Scorcher reviews: A1 Bakery
Click PLAY below to hear the full review on 3AW Breakfast
We all have those friends from a previous life, from school days perhaps, whom you can call upon for a long-overdue rendezvous and when you meet up it’s like no time has passed at all.
It’s the same with restaurants.
There are certain eateries in Melbourne that you know will always be there for you, ready to comfort you with a hearty hug of a meal, when you next need it, even though you’ve been off gallivanting with other newer, sexier establishments.
A1 Bakery, a Brunswick institution, is one such restaurant: a beacon of bready goodness in bustling Sydney Road.
And this week I thought it was high time that I paid a visit to my good old buddy.
Started by two brothers, the Lebanese bakery has been pumping out spicy baked goods to feed the hungry masses of Melbourne for almost three decades.
Serving traditional Lebanese flatbreads, pitas and pizzas, A1 is the kind of place you come to fill your belly with wholesome food – and walk away without having drained your back pocket.
The phrase ‘cheap and cheerful’ was invented for a joint like A1 Bakery.
Old men sit around chatting over coffee, students take a temporary break from diving down the rabbit hole that is their iPhone to devour huge $3 spinach triangles and kids shove slices of folded pizza into their smiling gobs, their parents stoked that they’ve only had to part with a fiver to pacify their sproggets.
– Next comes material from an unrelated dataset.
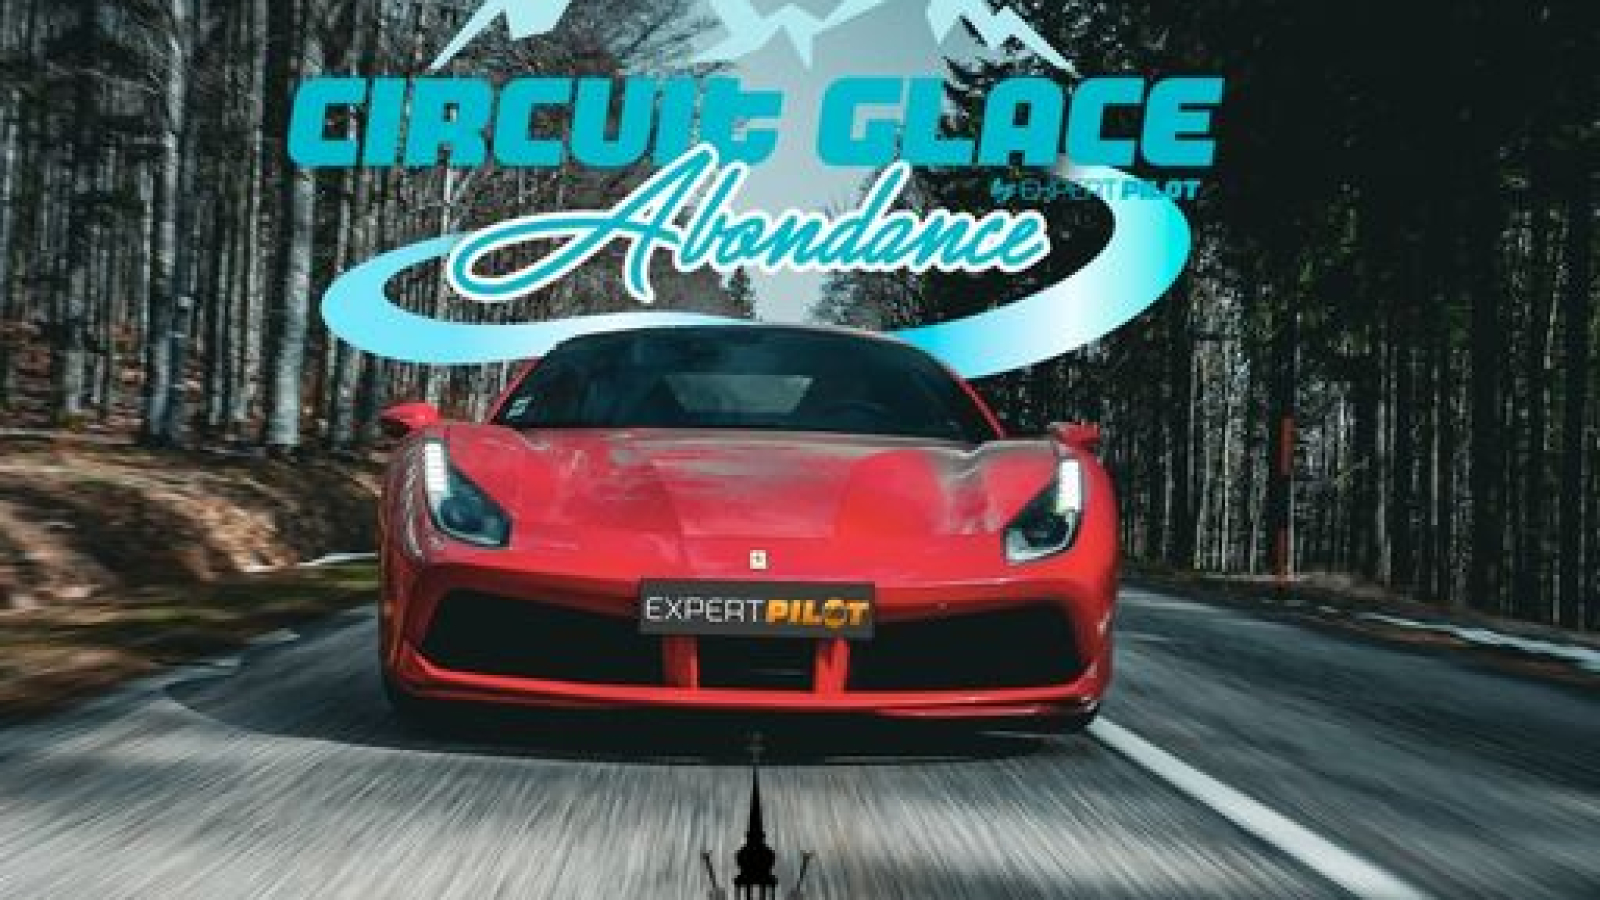 Driving course with Circuit glace Abondance

The simple, canteen-style space fills up quickly, but the queues move swiftly and tables turn over at a pace, so wait times are seldom longer than a few minutes.
When A1 Bakery opened in 1992, Joan Kirner was Premier of Victoria, Billy Ray Cyrus’s ‘Achy Breaky Heart’ was topping the ARIA charts, Prince Charles and Diana were heading for Splitsville and Ross Stevenson hosted a program called ‘Lawyers, Guns and Money’.
Melbourne has undergone so much change in the years since – we got CityLink and eTags, Crown Casino and Federation Square, freak shakes and smashed avocado – but A1 has remained a reliable feature of the northern suburbs, with prices seemingly frozen at Nineties values as well.
The massive spinach and Danish feta triangle is almost a meal in itself, and at $4 you’d be hard pressed to find a better value snack in this city.
The dish that got my tummy humming was the shanklish pie ($5), a kayak-shaped doughy parcel as long as your arm filled with yoghurt-based cheese, tomatoes, onions and herbs.
The pizzas are fine and thrifty as well: the zaatar-based flatbread with tomato, onion capsicum and olives is a treat for vegetarians, so too the dips with pita, and the felafel wraps and platters.
Don’t get me wrong, this isn’t flashy, white-tablecloth dining; punters flock here for good, honest, filling food.
So, while old friends may not always be as intriguing or beguiling as new acquaintances, it can be a rather fulfilling exercise to drop in on them for a catch up every now and again.